#### [Problem statement]
The output must be exactly the lines from the "CATHY'S CONCEPTS, Estate" line through the end of the listing below, with no picture included.

#### [Collected data]

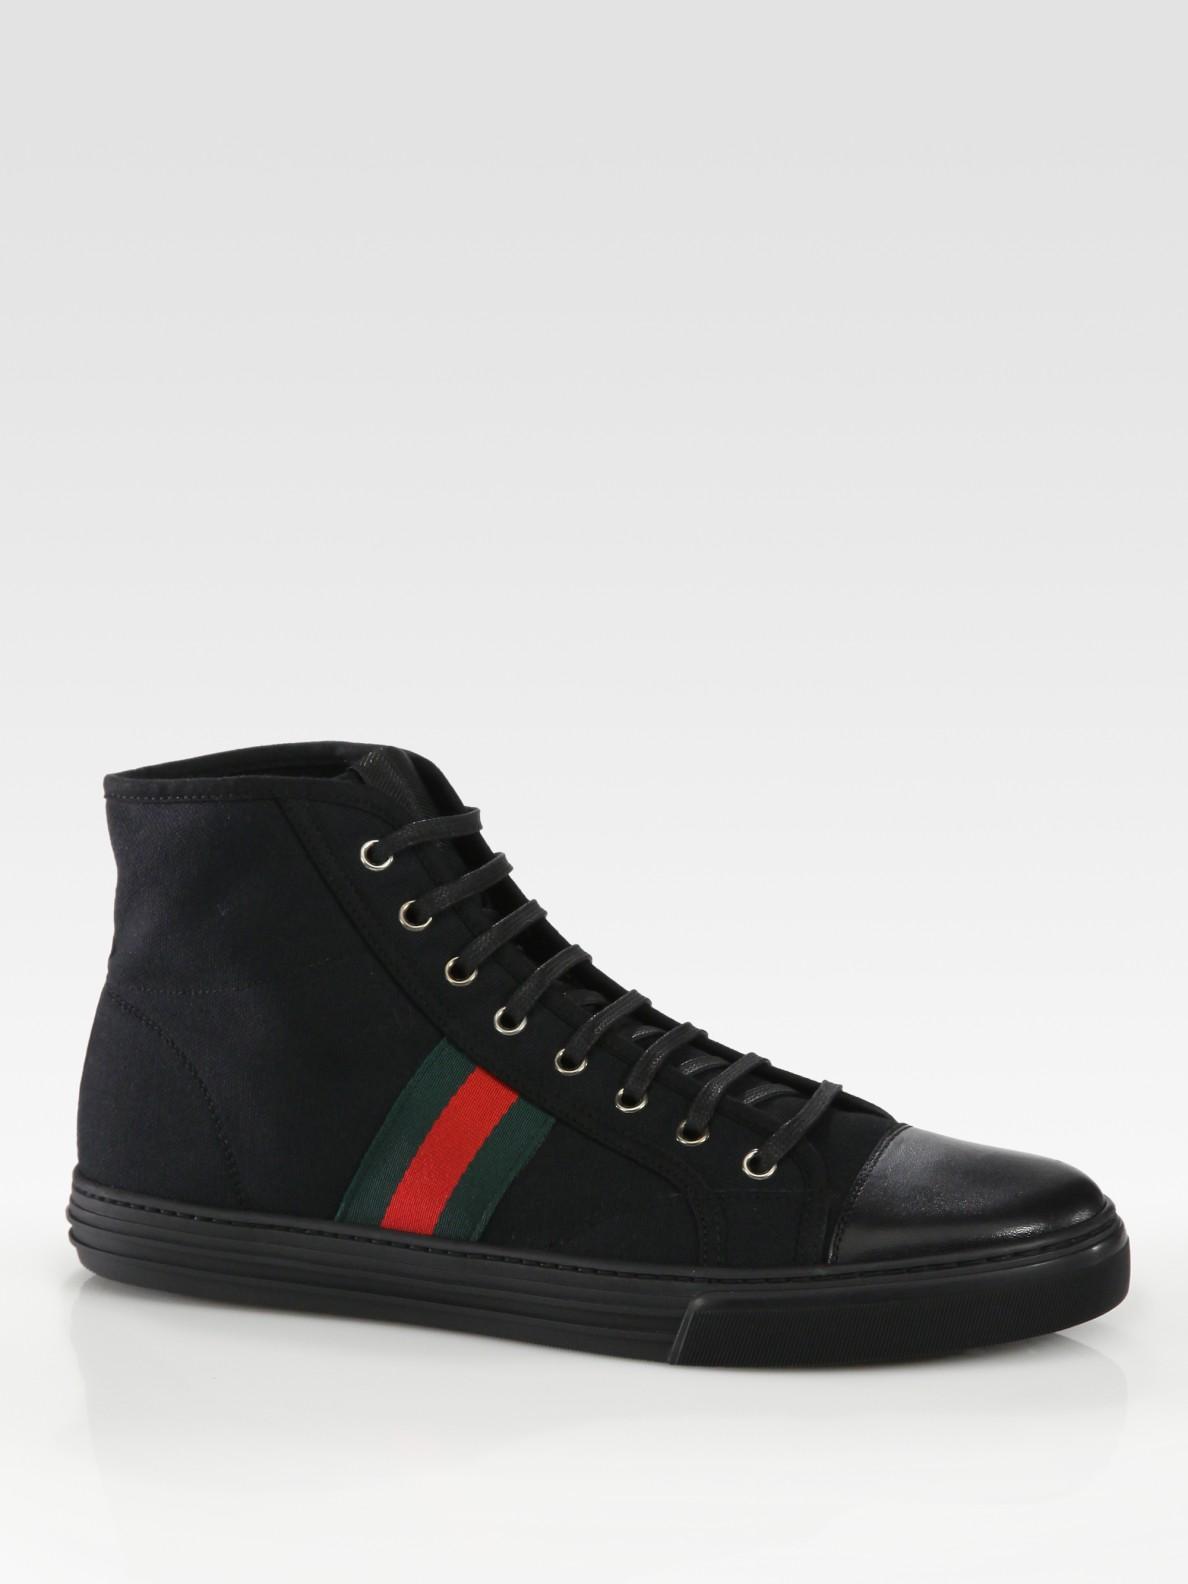 gucci high top sneaker in black for men lyst. Black Bedroom Furniture Sets. Home Design Ideas
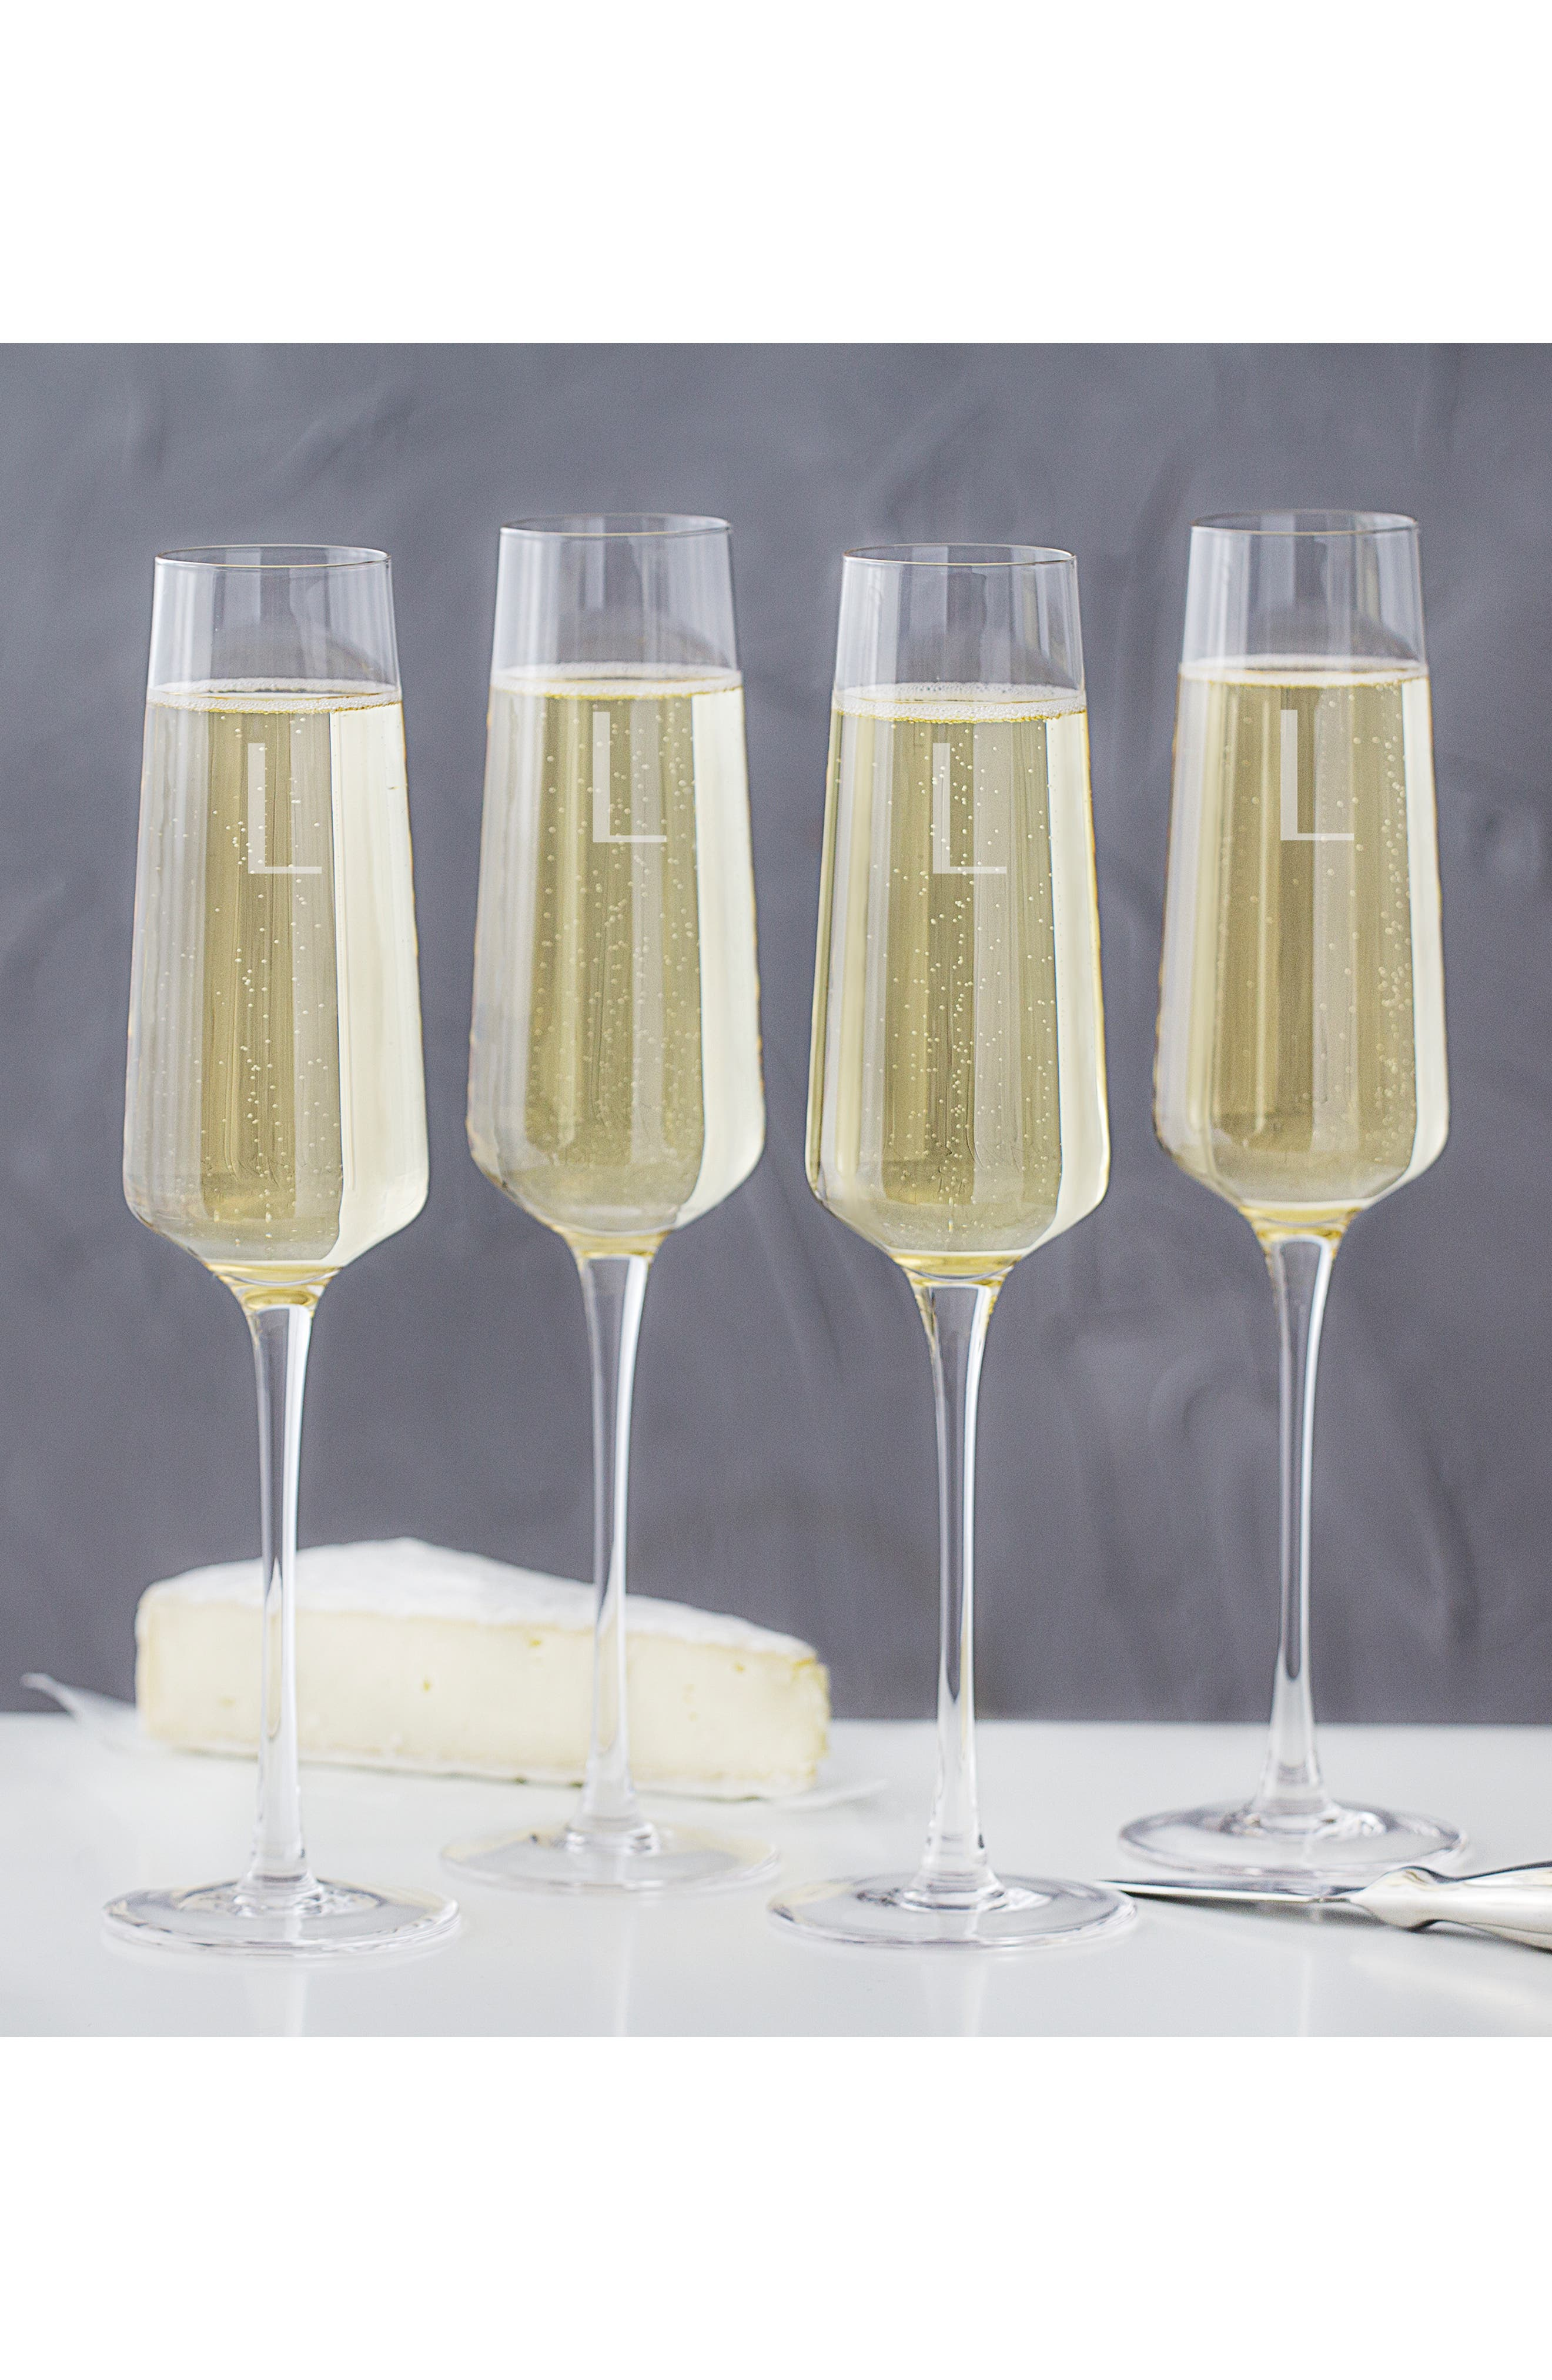 CATHY'S CONCEPTS, Estate Collection Set of 4 Monogram Champagne Flutes, Alternate thumbnail 3, color, A
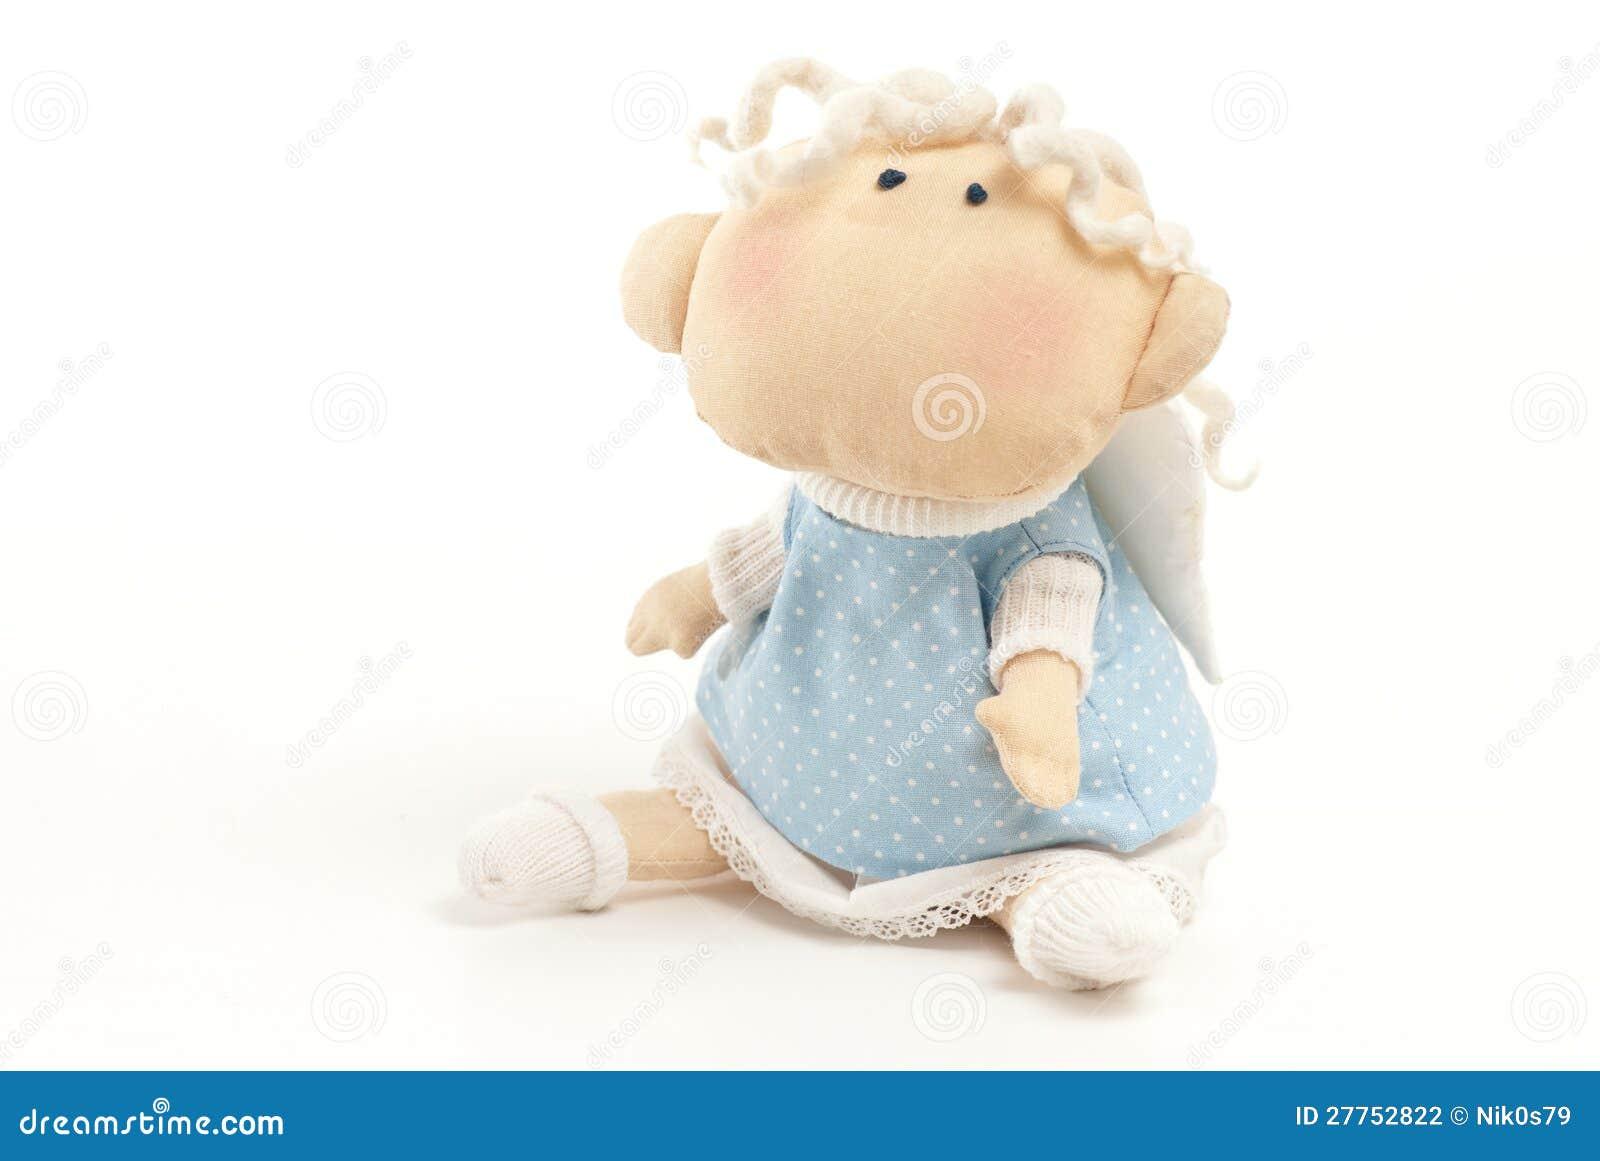 Little Angel Toys : Handmade toy angel boy stock photography image

#### [Response to the exercise]
 CATHY'S CONCEPTS, Estate Collection Set of 4 Monogram Champagne Flutes, Alternate thumbnail 3, color, A
 Little Angel Toys : Handmade toy angel boy stock photography image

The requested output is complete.